I was trying to follow the line of thought in Ryder's Quantum Field Theory (pag. 90 - 97) to explain elementary gauge theory.

He shows that the Klein-Gordon field theory (because its action is) is invariant by the global transformation

$$ \phi \to e^{i\Lambda}\phi. $$

However, he then argues that such a transformation would contradict the relativistic causality mantra (because it transforms the internal degrees of freedom in the whole space at the same time) and uses this fact to justify the local gauge invariance construction, which happens by letting $\Lambda \to \Lambda(x)$ and forcing $\delta \mathcal{L}=0$ (since this is, initially, spoiled by the derivatives of the parameter function) by coupling a new field $A^{\mu}$ to the Noether current in a smart way.

Now, my questions:

(1) I don't understand the violation of the causality argument. That is, why would a theoretical manipulation of a physically irrelevant feature (the phase) be physically considered as far as causality goes? Also, as I understand it, the 'localization' of the transformation does not necessarily solves the dilemma as it is naively put by the author. Even if the following imposed condition on $\partial_{\mu}\Lambda$ excludes the forbidden possibilities, it surely doesn't look to do so trivially: for example, it seems to me that, in any case, the variation of the fields outside the lightcone should be zero.

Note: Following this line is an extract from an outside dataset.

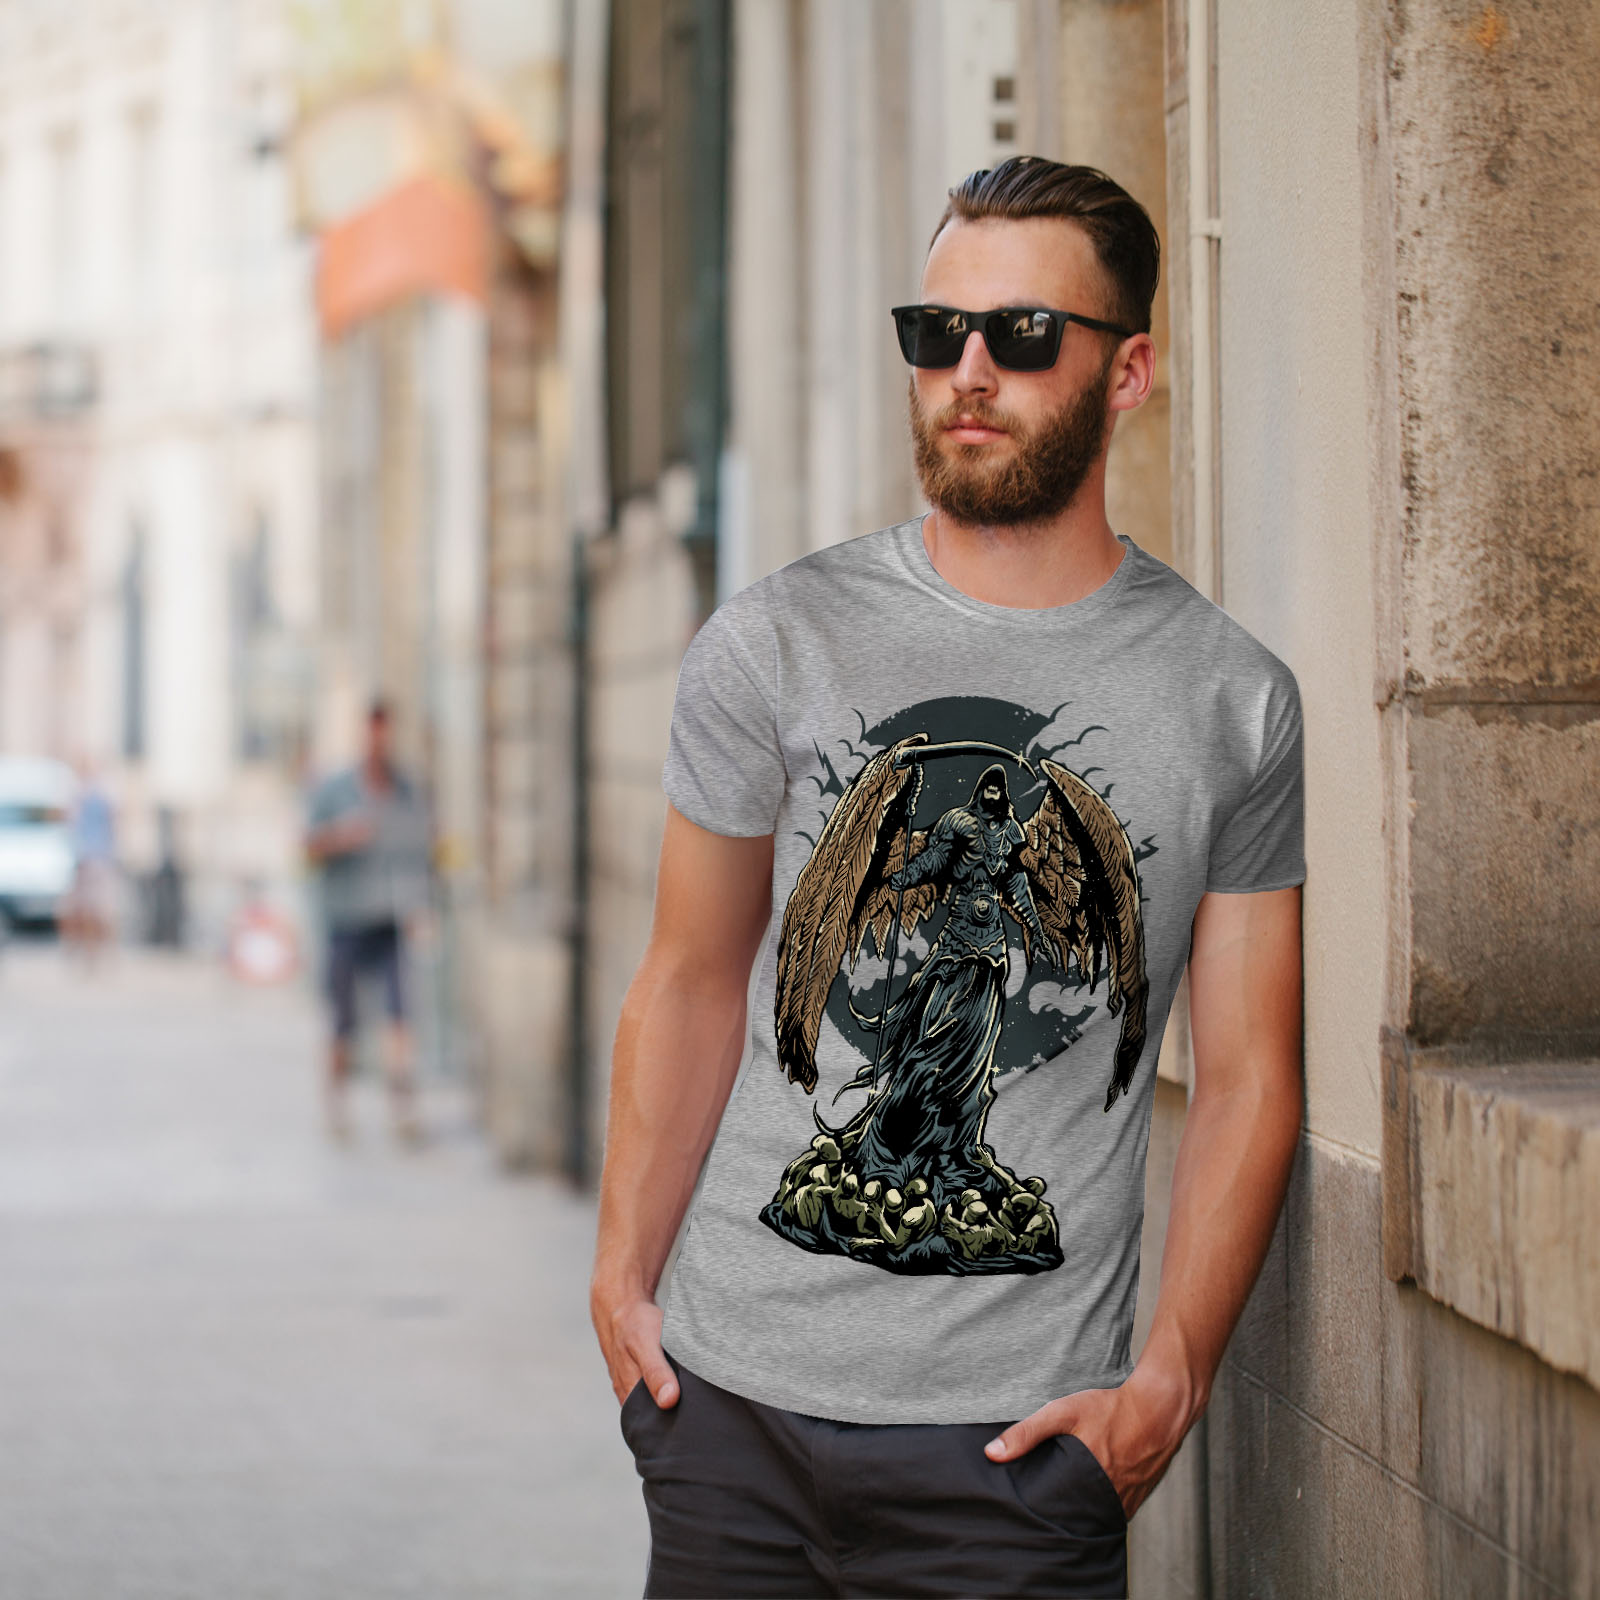 Wellcoda-Evil-Grim-Reaper-Mens-T-shirt-Horror-Graphic-Design-Printed-Tee thumbnail 17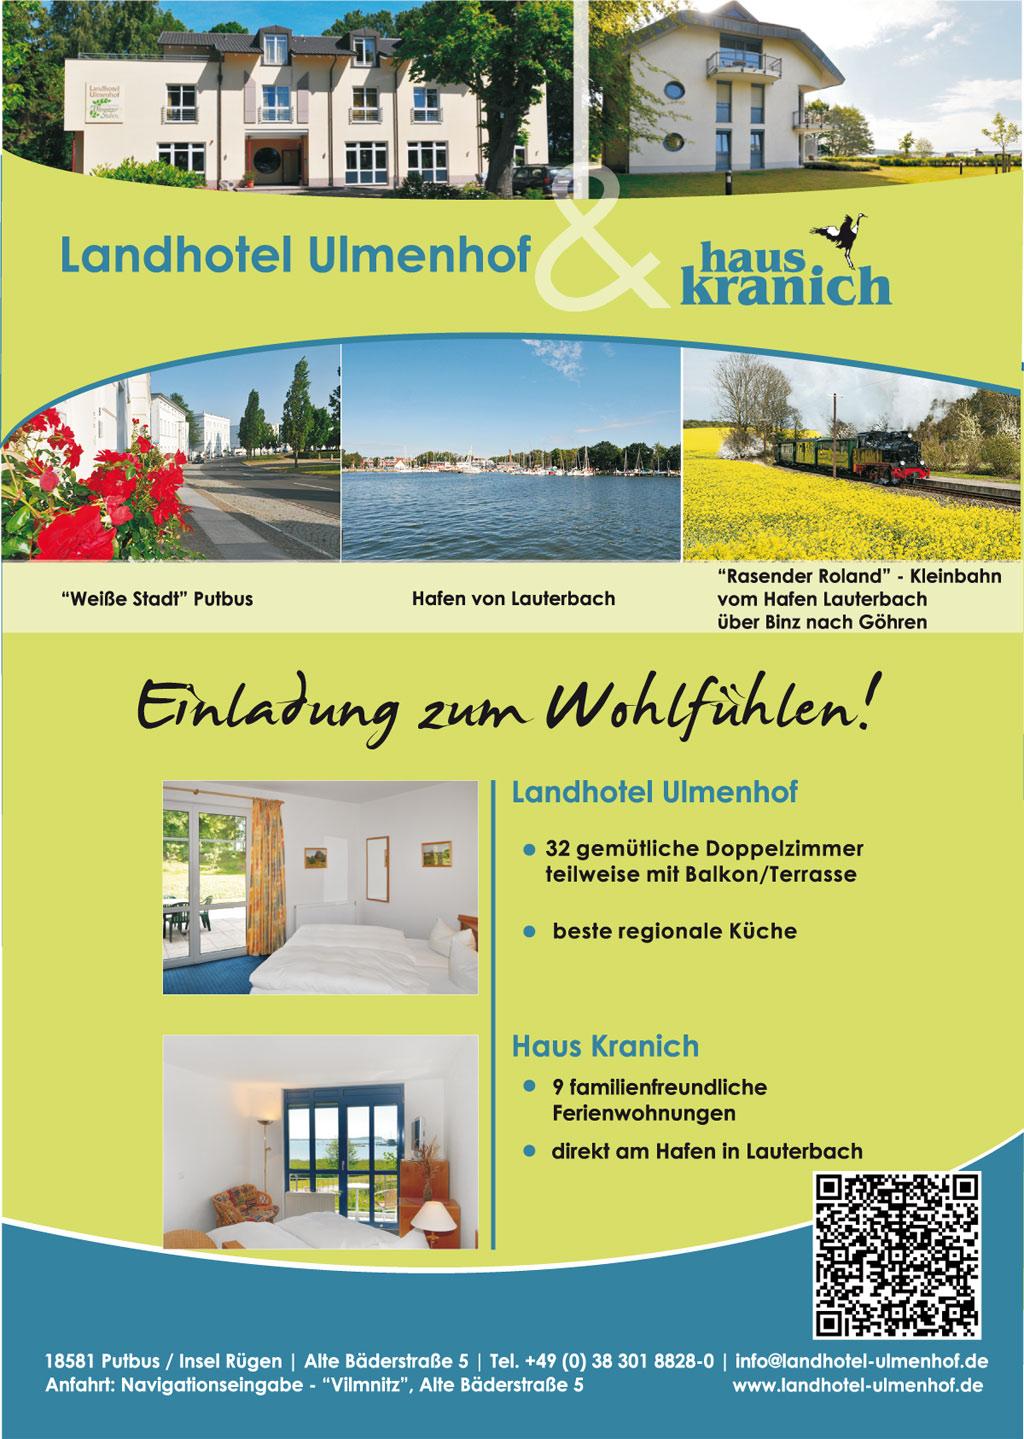 Grafik & Design Referenzen: Flyer DIN A5 - Landhotel Ulmenhof

(2) And more importantly, even if I had understood the preceding argument, why does it hint that we should make the local form of the same transformation work (that is, besides that the form works for each point in space-time)? I mean, because the trivially obtained global 'symmetry' is turned down by causality, we go on and invent a new field (that by comparison turns out to be the electromagnetic potential) and artisanally insert it nicely in the lagrangian so that the same symmetry persists locally, now without the causality problem. But aren't we inventing things? Why the next move after the global gauge theory 'fails' is to force a local one (by even creating a gauge field) and not abandoning the theory altoghther? And if we were already going to go all the way to make it work, why maintain the original form of the transformations (that is, to keep the invariance by U(1))?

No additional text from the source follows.